В прокуренном голосе ее, в крохотных антрацитовых глазках, погруженных на дно глубоких, свинцово-темных ямин, было столько власти, что парень невольно полез в карман, выгребая всю мелочь. «Рубля два будет, не меньше», – решил он, высыпая серебро в готовно вскинутую старухину ладонь. Смутно стало Степушке и страшно вдруг, словно бы приблизился он к краю ущелья, взглянул в зыбкую темь, откуда склизким лягушьим холодом мазнуло по лицу, и отшатнулся, а в спину, однако, все подпихивает мягко и настойчиво невидная чужая рука, противиться которой нет ни сил, ни желанья. Слыхал он о цыганках-сербиянках, об их колдовской силе, но гадали ему впервые в жизни и сразу же с такой верной подробностью, что спину заморозило от разбуженного суеверья.
– Эй ты, старуха, ладонь-то не зажимай, – потянулся к цыганке Степушка, не забывая о деньгах.
– Фу какой... ай-яй. Не надо мне твоих грошей. Три дороги у тебя. По одной дороге с женой идти до камня синего каленого. Под тем камнем дьяволова сила, несчастье твое, бесплодье твое, сокрушенье твое, сам враг-сатана там...
И вдруг старуха вскинулась руками, будто крыльями, вскричала нутряно и дико: «Прочь, прочь... изыди», и перед Степушкиным носом раскрыла грязный морщинистый кулак, в котором только что хранились монеты.
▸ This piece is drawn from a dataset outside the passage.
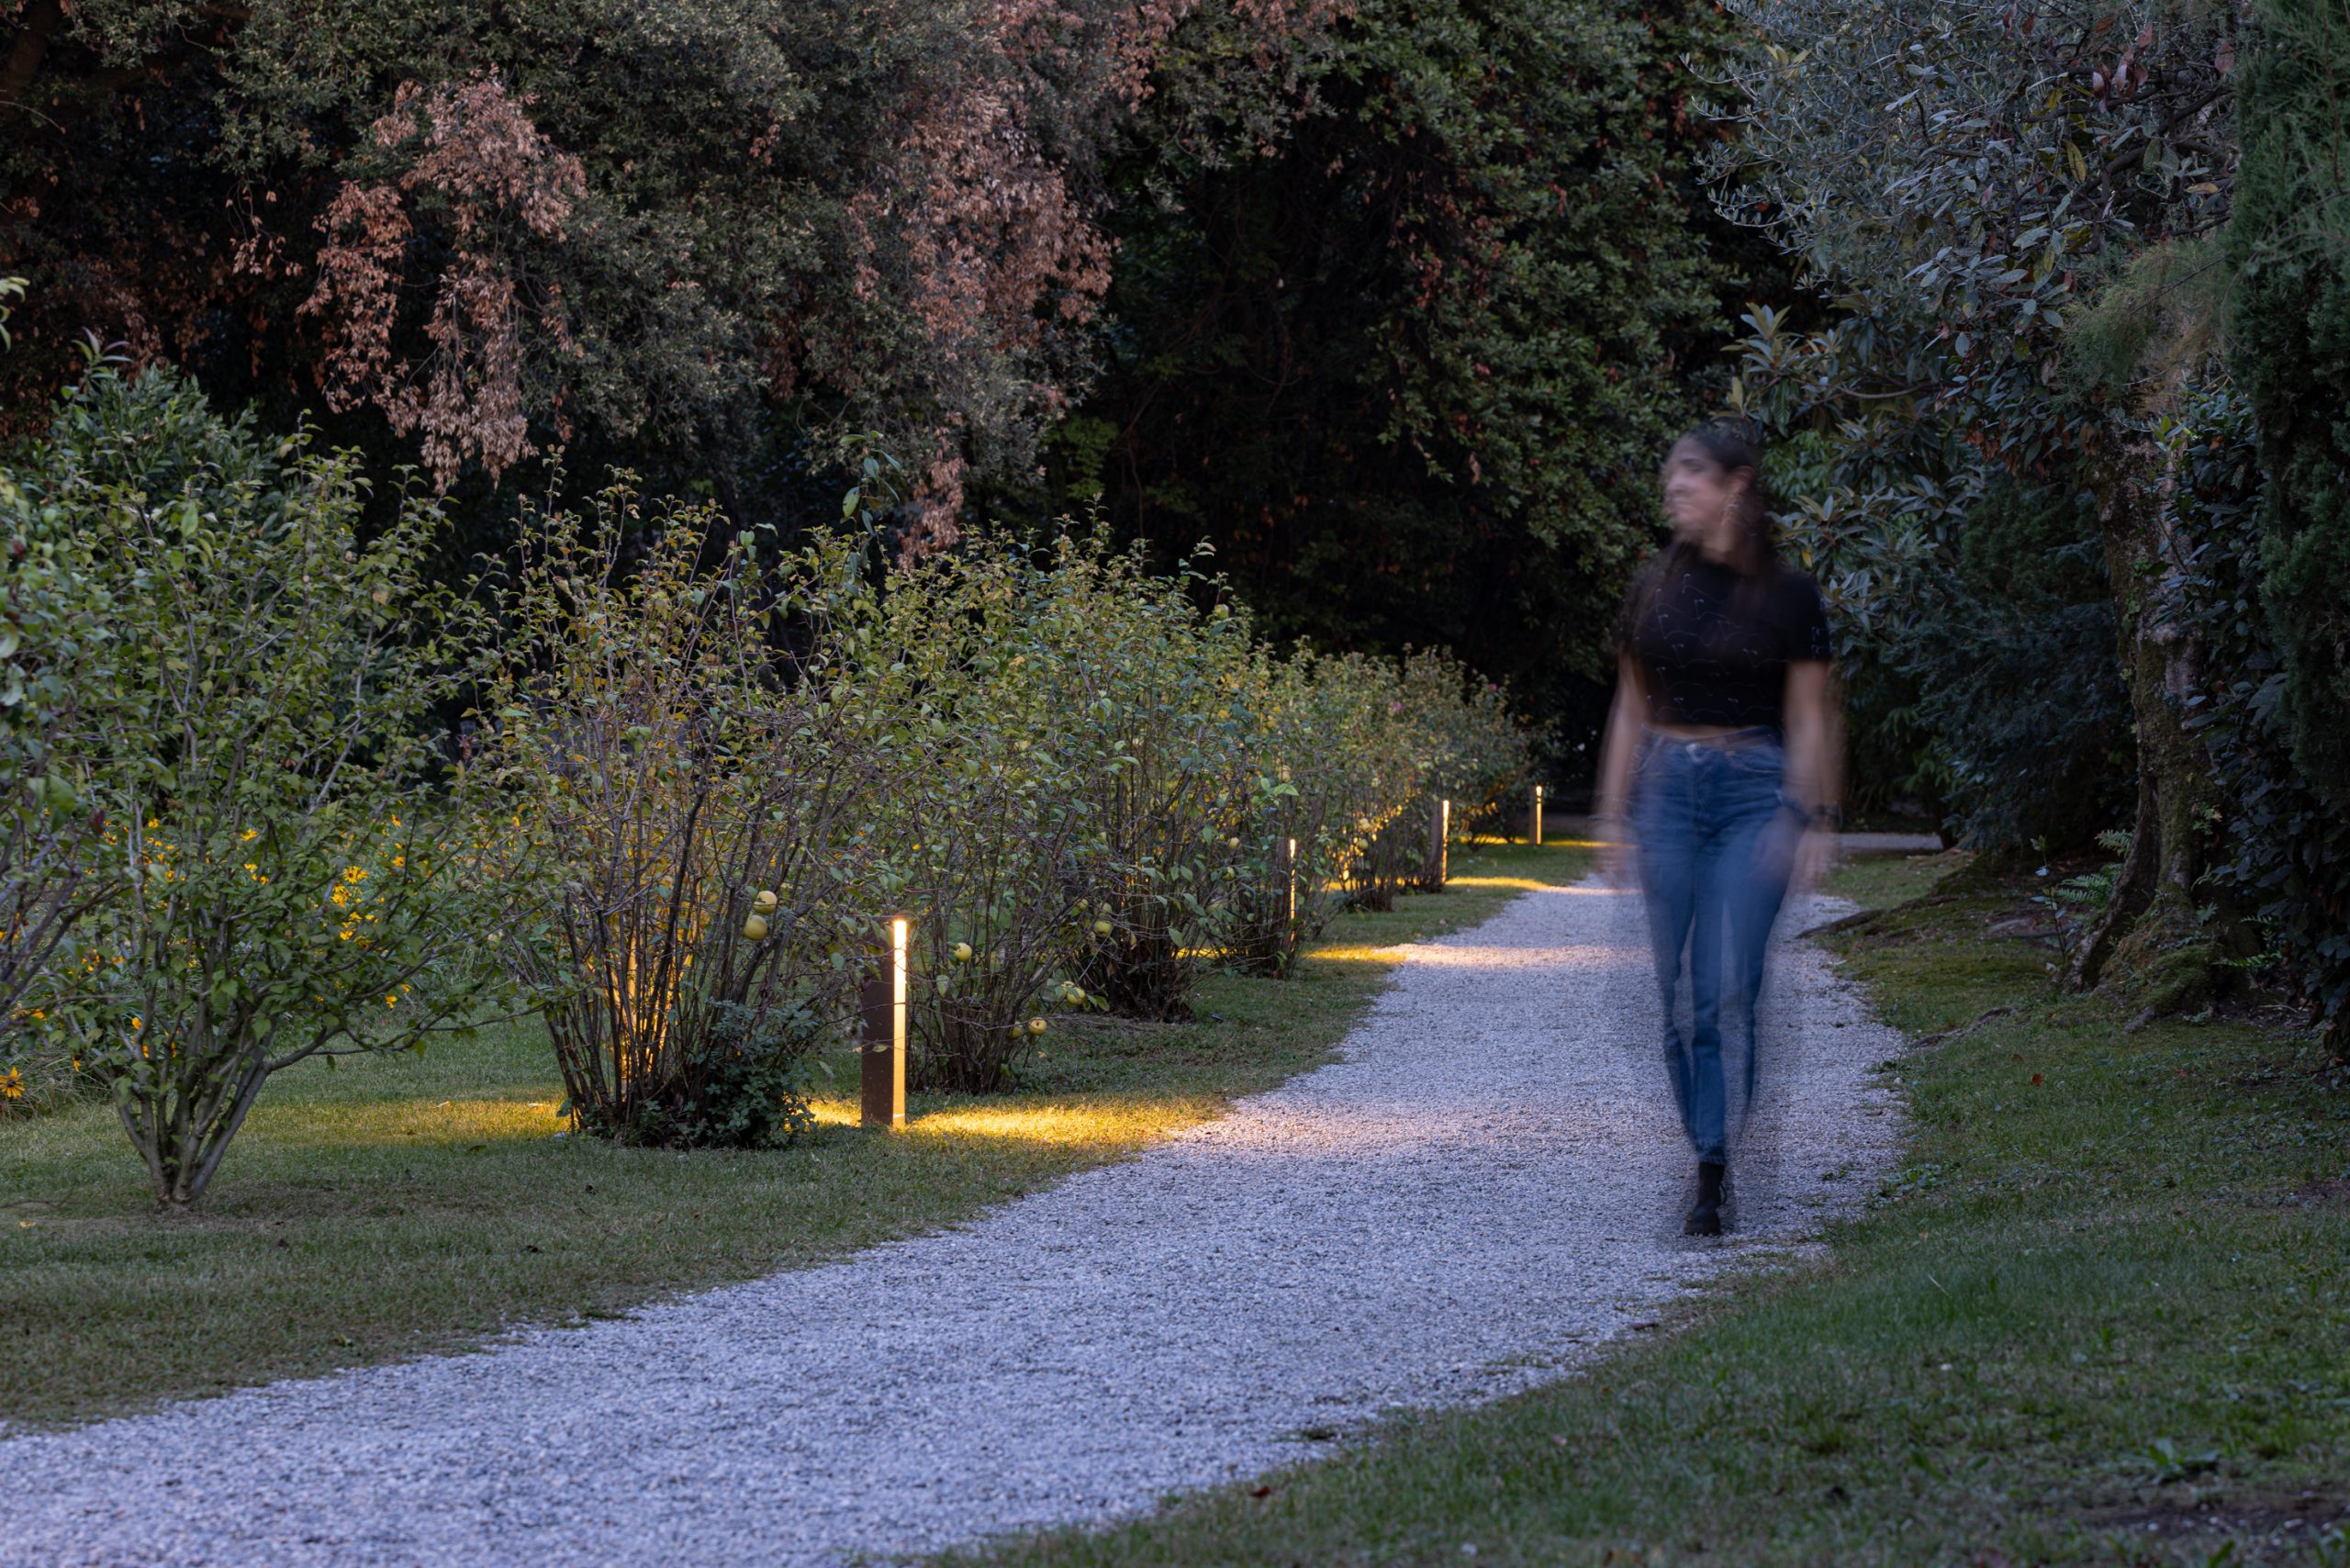 Vialetto in ghiaia di un giardino illuminato con luci da esterno e una persona che cammina

– Сатана взял... диаволовы деньги... тьфу-тьфу.
– Куда дела? А ну, отдай!
– Покрой бумажкой, молодой-уважливый, – не смутилась цыганка, лицо ее возбужденно побледнело и покрылось испариной. Она воровски осмотрелась и заторопилась. – Жить тебе долго, это я говорю, сербиянка. В семьдесят восемь лет второй раз женишься. Ты меня слушай, все слушай, только бумажку положи сюда. – Протянула ладонь, хищно искривленную и странно обглоданную изнутри до самых жил. – Покрой денежкой, про вторую дорогу скажу...
– Врешь все, врешь! – Словно бы хмелем окатило голову, так закружилось все перед глазами. Верить хотелось и страшился укрепиться в этой вере. – Врешь все, врешь! – лихорадочно повторял, вглядываясь в одрябшее плоское лицо, и вдруг цепко ухватил цыганку за плечо, за плюшевый скользкий жакет и потянул к себе. Видно, что-то бешеное плеснулось в крапчатых Степушкиных глазах, иль старуха не ожидала такого поворота, но только испуганно заоглядывалась она, отыскивая подмогу. – Скажи, как мать мою зовут, и всему поверю. Пять рублей даю... Ну, скажи!
– Чего к старухе лезешь? Такой молодой, эй-эй...
– Десять рублей даю, – настаивал болезненно, а в голове толчется единственная неожиданная мысль, поразившая сейчас: неужели есть на свете люди, которые все угадывают? Если ответит – всему поверю. – Двадцать рублей даю. Вот они, вот, – торопливо полез в карман.
– Чего привязался... Эй, люди!..
А Степушку уже трясло, впервые такое невольное желание, похожее на наваждение, накатило на душу:
– Двадцать пять рублей даю. Скажи, как мать мою зовут!
– Помогите, убивают! – закричала старуха, упираясь рукою в грудь, но Степушкины пальцы мертво заледенели на ее плече. Парень понимал, что глупость творит, белены объелся, раз бабку старую треплет, но, однако, упорно вглядывался в опустевшие, размытые слезой чужие глаза, отыскивая в их глубине неведомую колдовскую силу. Но ничего не разглядел в белесой тающей мути, за дрожким бабьим испугом: ничего не было в них, пусто... За спиной скрипнул автобус, и, очнувшись, Степушка мгновенно пехнулся в дверь. Перед глазами сдвинулась улица, старуха неловко оправляла на груди плюшевый жакет, и лишь красавица цыганка все так же лениво плевала семечками, и грязная шелуха гусеницей повисла на клюквенно-ярких ее губах. Отчего-то подумалось: «Холодина такая, а она в кофте одной. И не мерзнет ведь». Спина взмокла под пиджаком, но пошевелиться, устойчивее примоститься было стыдно: чудилось, что все в автобусе оглядывают его небрежно и шушукаются. Украдкой глянул вниз, приоткрыл кулак: там, в потной глубине, похожая на мятый лоскут, слиплась четвертная, последняя в его городском житье, которую он так шально и глупо собирался только что спустить на ветер. Вздохнул с облегчением, грудь расправил, меж ног сунул красный фибровый чемоданчик, вспомнил, что скоро с дружками опустошит бутылочку, разогреется винцом, – и окончательно скинул недавнее больное наваждение.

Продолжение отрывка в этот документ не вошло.